Financial liabilities are derecognised when the company’s contractual obligations expire or are discharged or cancelled.

Dividends

Equity dividends are recognised when they become legally payable. Interim equity dividends are recognised when paid. Final equity dividends are recognised when approved by the shareholders.

2. Critical accounting judgements and key sources of estimation uncertainty

In the application of the Company’s accounting policies, the directors are required to make judgements that have a significant impact on the amounts recognised. The following are the critical judgements that the directors have made in the process of applying the Company’s accounting policies and that have the most significant effect on the amounts recognised in the financial statements.

The estimates and assumptions which have a significant risk of causing a material adjustment to the carrying amount of assets and liabilities if the fair value of investment properties.
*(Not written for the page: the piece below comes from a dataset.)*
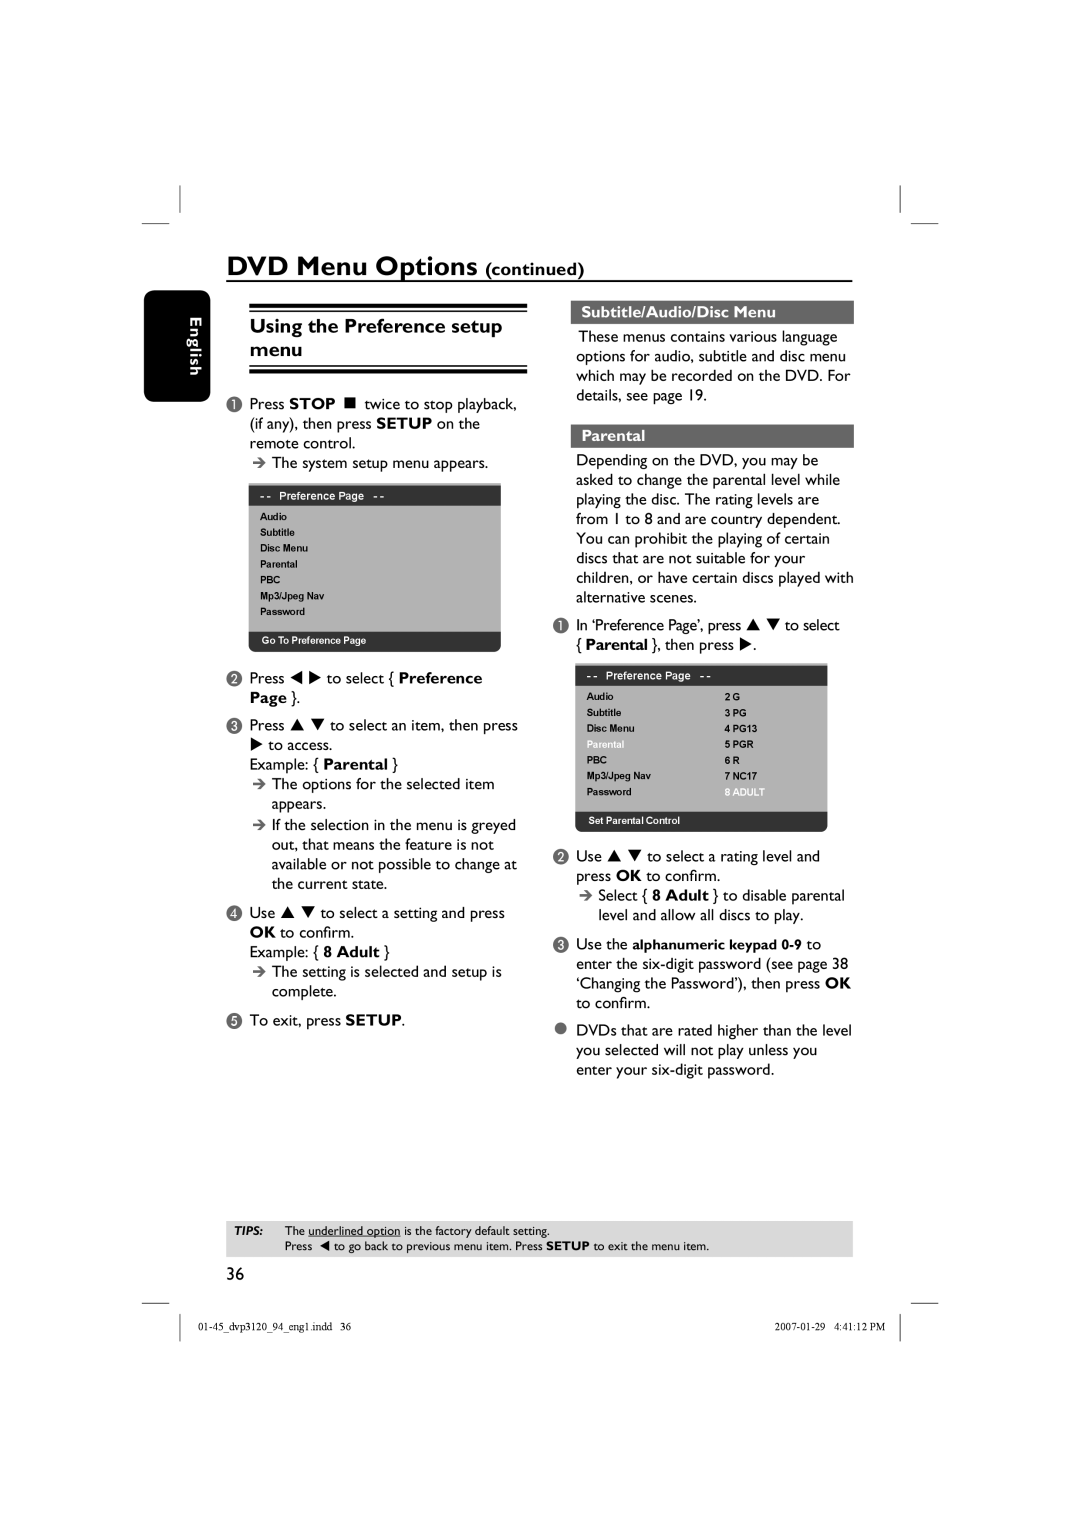 Philips DVP3721X Using the Preference setup menu, Subtitle/Audio/Disc Menu, Parental, DVD Menu Options continued, English 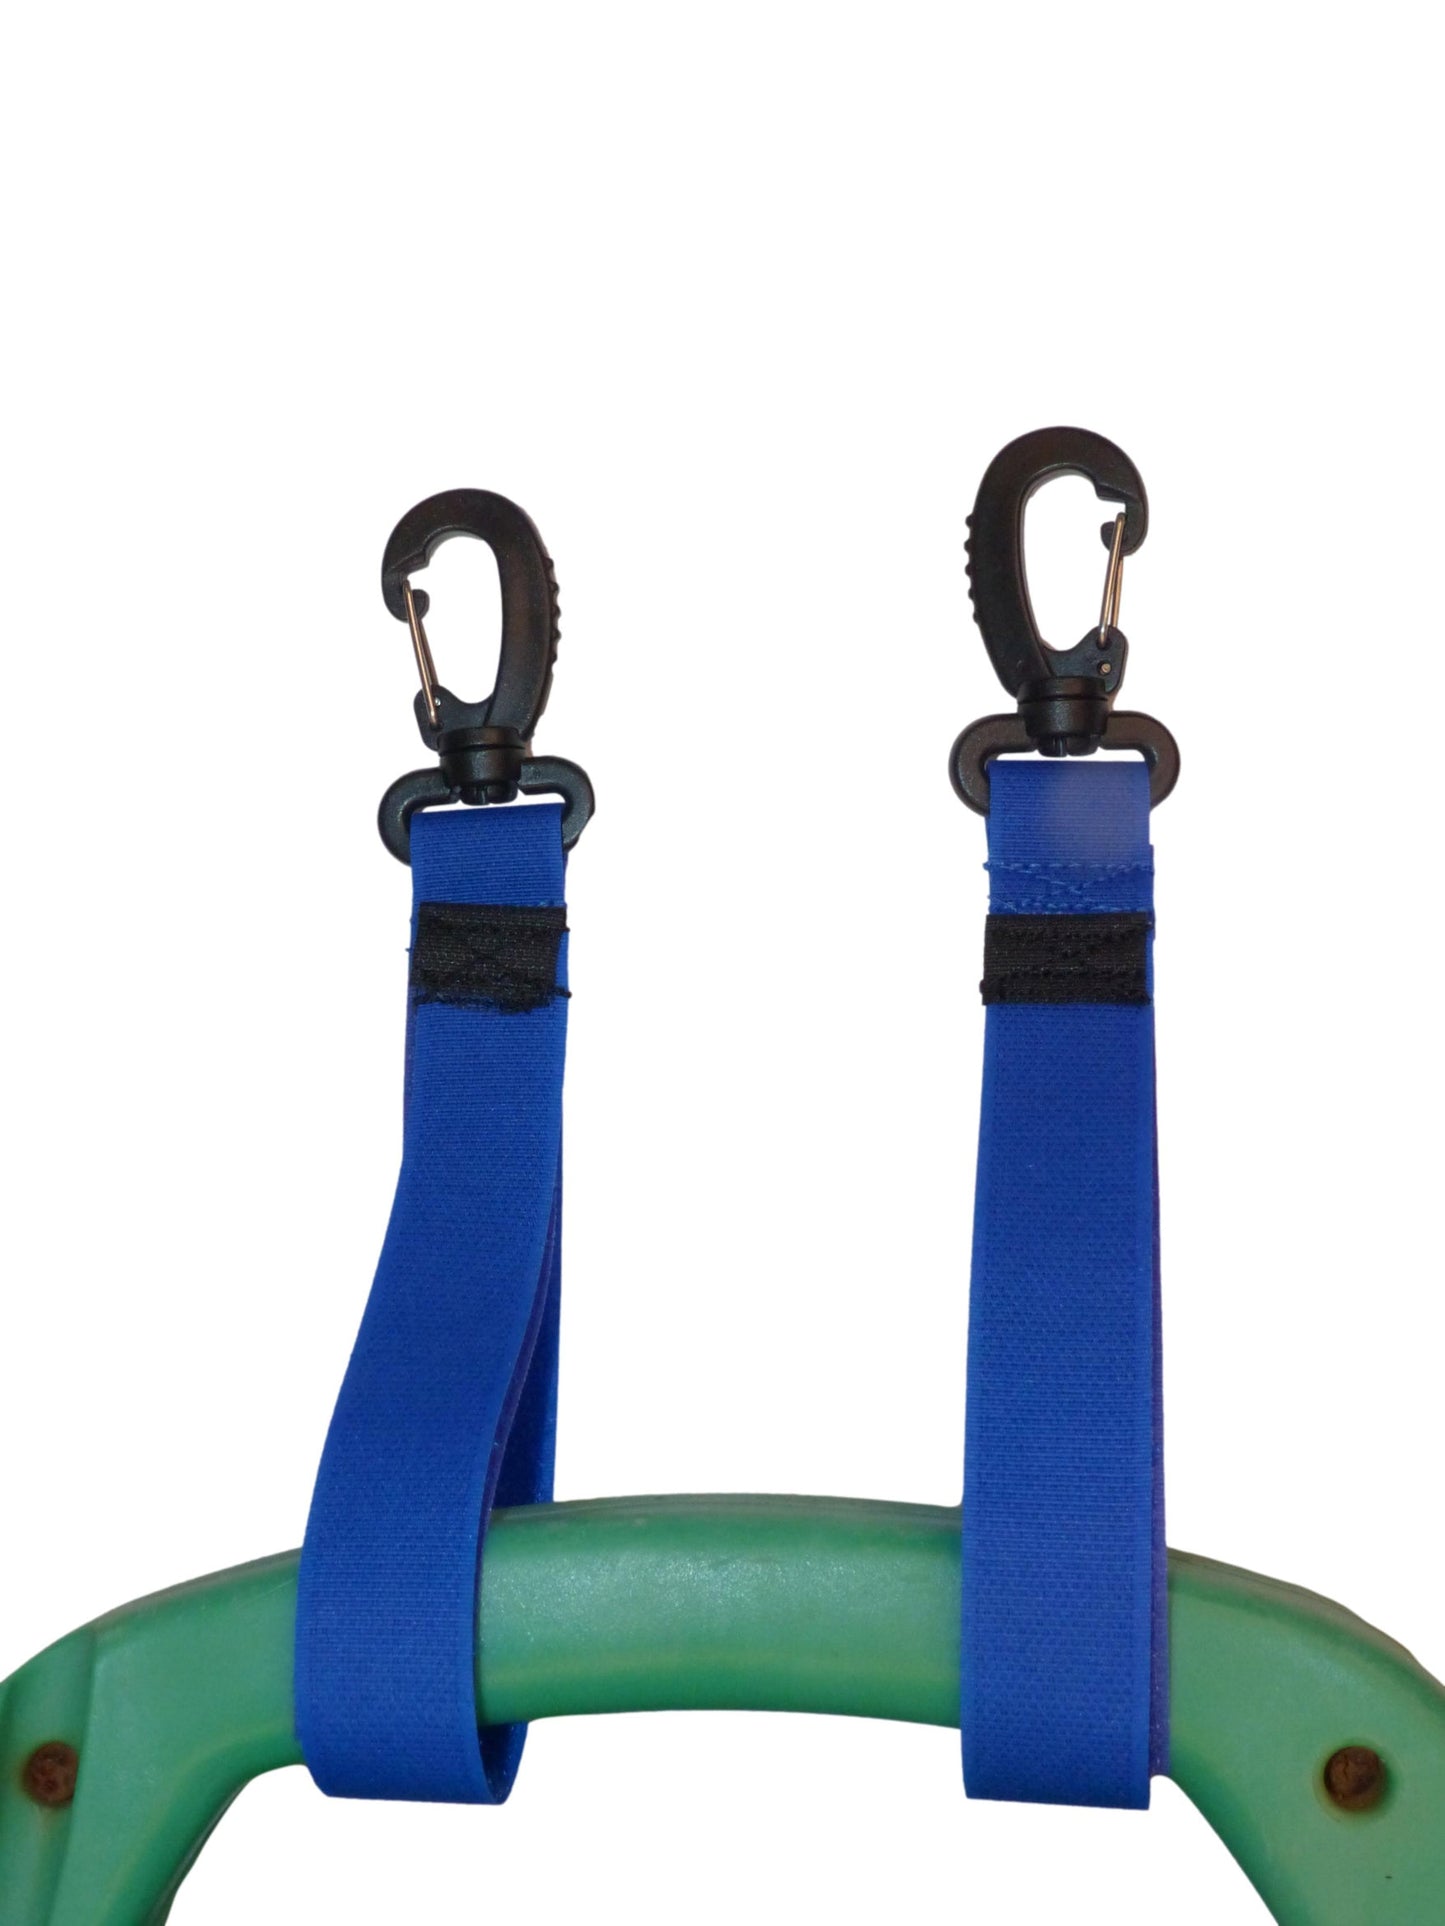 25mm Hook & Loop Hanging Strap with Snap Buckle (Pair) in blue

Please see note 4 for more details.

3. Employees

2025 2024
Number Number
Monthly average number of persons employed by the Company during the year, including directors 2 2

4. Investment property

Investment property
£
Valuation
As at 01 April 2024 3,000,000
As at 31 March 2025 3,000,000

Valuation

The fair value of the investment property has been arrived at on the basis of a valuation carried out by the directors on 31st March 2025. The valuation was made on an open market value basis by reference to market evidence of transaction prices for similar properties.

5. Debtors

2025 2024
£ £
Other debtors 1,412 1,611

6. Creditors: amounts falling due within one year

2025 2024
£ £
Bank loans (secured) 479,543 0
Trade creditors 5,400 0
Amounts owed to connected companies 119,036 319,036
Taxation and social security 5,137 17,251
Other creditors 891,460 519,012
1,500,576 855,299

The bank loans are secured by way of a fixed charge over the investment properties.

7. Creditors: amounts falling due after more than one year

2025 2024
£ £
Bank loans (secured) 754,000 1,233,574

The bank loans are secured by way of a fixed charge over the assets of the company.

Amounts repayable after more than 5 years are included in creditors falling due over one year:

2025 2024
£ £
Bank loans (repayable by instalments) 0 479,574

8. Called-up share capital

2025 2024
£ £
Allotted, called-up and fully-paid
100 Ordinary shares of £ 1.00 each 100 100

9. Related party transactions

Other related party transactions

The Company has entered into transactions with an entity which is under common control. At the balance sheet date, the following balances were outstanding in respect of amounts due to a company under common control 2025: £119,036 (2024: £319,036). These balances are unsecured, interest-free, and repayable on demand.